At 160 I find a chair
send my eyes back
and wait for the sirens. (Michael Gravel, “Further No Theories”)

[Lainna (centre) and I visiting U of A Press; marketing guru Cathie Crooks on left, Jeff Carpenter on right] It would have been nice to hear Lainna read in the open set, but she had read in the previous two, so didn’t. I still haven’t heard her read. There’s a video of her reading a poem or two on YouTube (although I can't, for the life of me, find it right now), one of which will be appearing in the next issue of The Peter F. Yacht Club, once all the contributors actually get around to contributing. Saw poet Marita Dachsel as well, partner of current playwrite-in-residence Kevin Kerr (a two-year term recently extended to three) whom I’ve only met once before, and that when she extremely pregnant in fall 2007 with their second child, when she helped us launch the first Edmonton issue of The Peter F. Yacht Club. Have you seen the fantastic interview series she's been doing on her blog lately? Meeting her twice, despite having published her poetry chapbook back in 1996 through above/ground press. Just how big is this country that I see someone only twice, having known them that long?

[Myrna Kostash's little front balcony] An already Edmonton week and a bit, wandering the town, quietly through the University of Alberta, along Whyte Avenue (where I picked up a birthday card for my sister’s 33rd birthday), to that West Edmonton Mall we love so much; returned today to Myrna Kostash’s lovely condo [see what I wrote when here last]. Strange to be here again, after nearly six months; good that, after a shared house some distance, I have some singular space to breathe in a downtown condo near shopping, coffee, otherwise.

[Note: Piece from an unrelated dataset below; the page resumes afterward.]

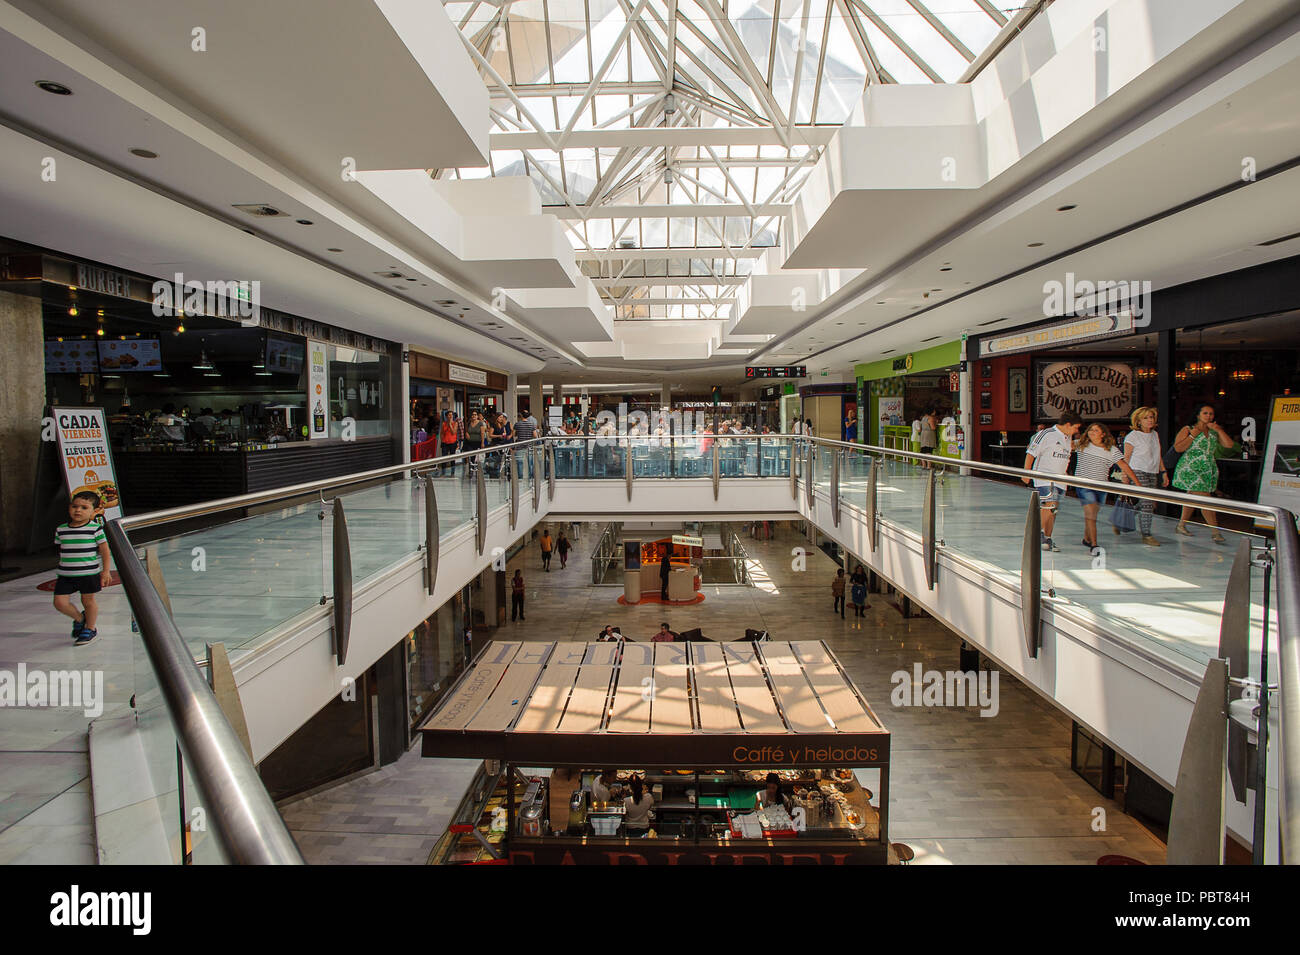 MADRID, SPAIN - JUN 19, 2014: Interior of the commercial centre La Vaguada  in Madrid, Spain. It was the first coomercial centre in the capital, opened  Stock Photo - Alamy

It was early November when I left here last, two Edmonton weeks, to see her after five long months. Another five long months of distance, and so much has changed since then, is different since. So many workable and positive things. Friday night, Lainna and I with Myrna and a bottle of wine, the night before she drove off in her red car to Banff, bags and laptop in tow. Did you know that Myrna has work coming out over the next year or so with both NeWest Press and the University of Alberta Press?

Today, who knows; a quiet laptop day with the spring door open, breeze coming through. The night before, a bottle of wine with Vancouver-returned Catherine Owen and her over-excited dog, jumping around as though she’d never seen human beings before; did you know that Owen has a collection of literary essays out with Wolsak & Wynn in another two years?

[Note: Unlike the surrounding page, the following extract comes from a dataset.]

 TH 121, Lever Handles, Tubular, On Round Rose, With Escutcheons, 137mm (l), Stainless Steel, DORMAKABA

Did you know, according to Myrna, Prince George BC writer Sarah De Leeuw won the CBC Literary Award this past year, moons after her first and only book [see my piece on such here] came out with NeWest Press [see my note on such here]. Much of what I’m otherwise up to, preparing a new slate of “12 or 20 questions” to start posting June first (already interviews with Jason Dewinetz, Stephen Henighan, Michelle Berry, Janice Williamson, Ray Hsu, and plenty of others) to correspond with the time I (roughly) begin a Toronto year, following my attractive young lady to the big city. I’m working a whole new list of authors, not wanting any overlap with the previous series. Tomorrow, interviewed by Stephanie Hall for Other Voices, an Edmonton-based literary journal, on these new books I seem to have out.

[waiting for her with books, writing, at HUB, University of Alberta] Otherwise, working (slowly) final final edits to this poetry collection for NeWest Press, twice-edited by poet, pal and clever lad (and current Toronto resident) Andy Weaver,who used to make this E-town sing. Scribbling poems, reading Bruce Serafin’s Stardust, Joe LeSueur’s Digressions on Some Poems by Frank O’Hara, Kim Echlin’s The Disappeared, all after rereading Elizabeth Smart’s The Assumption of the Rogues & Rascals, Dany Laferriere’s Why must a black writer write about sex?

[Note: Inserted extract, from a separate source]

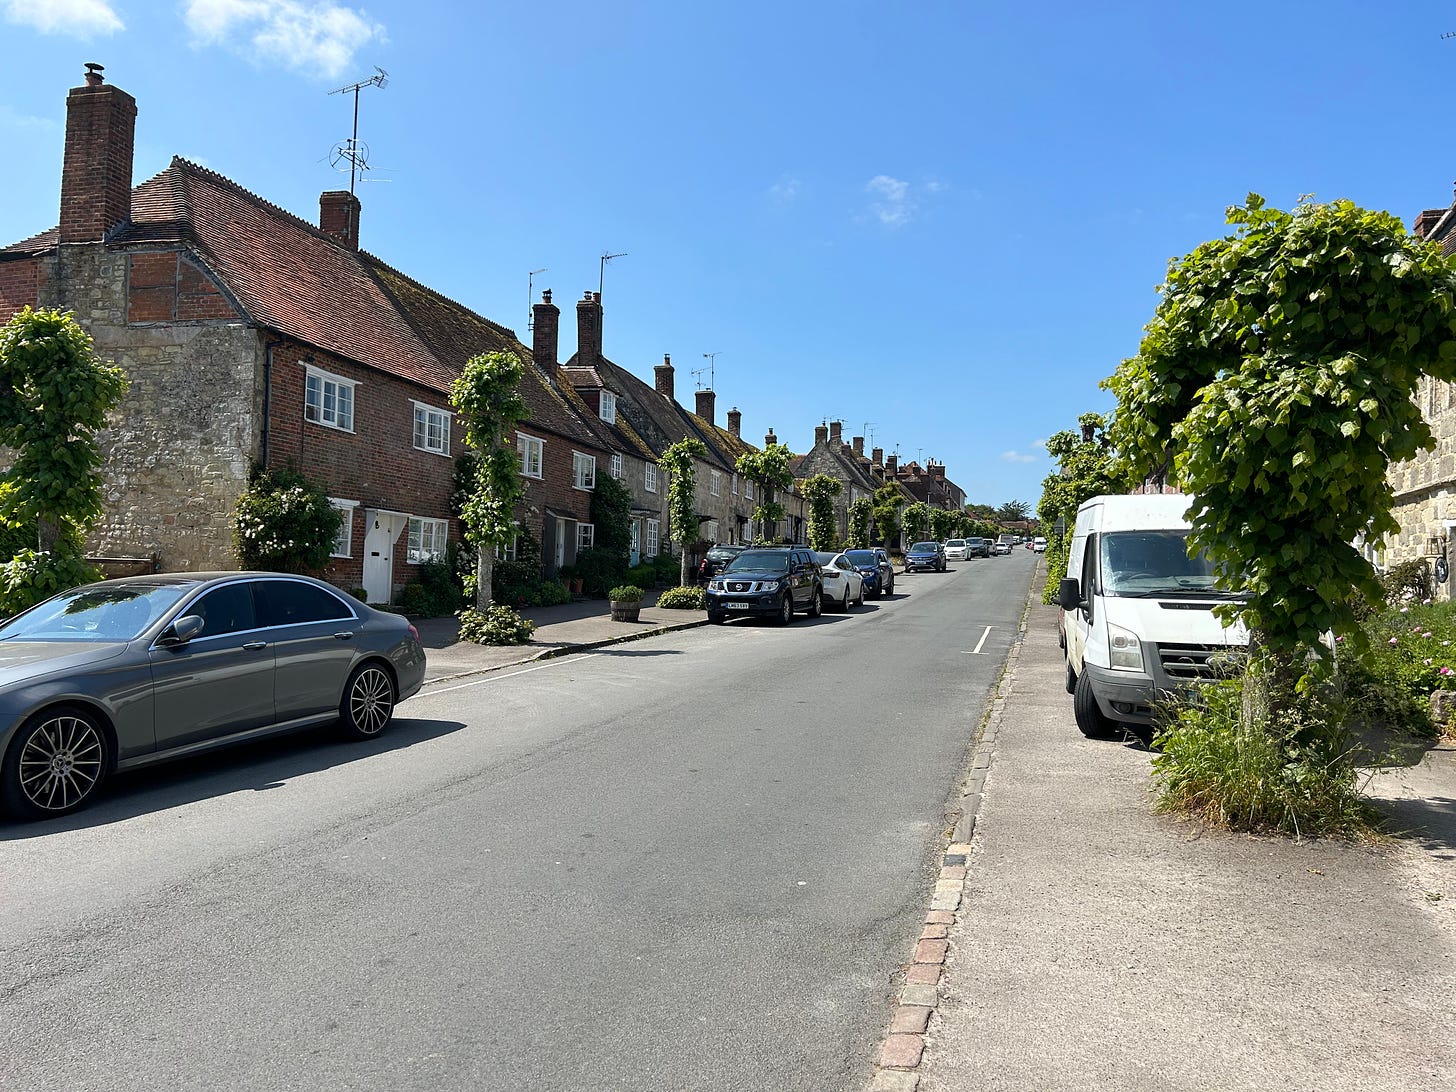 Hindon, Wiltshire. This is the High Street, which is tree lined. The street is on a hillside and has a charming feel to it. On each side are old cottages. Image: Roland's Travels

Writing an essay about being here, being in these moments of post-Edmonton Edmonton and the beginnings of something else, the beginnings of will hopefully be a creative non-fiction book on Toronto, a follow-up (of sorts) to the “McLennan, Alberta” book I worked while in this town (currently making the rounds with readers, friends, editors and publishers before revisiting such sometime this summer). Edmonton before Ottawa; Ottawa before Toronto. The current plans that hold, and certainly hold.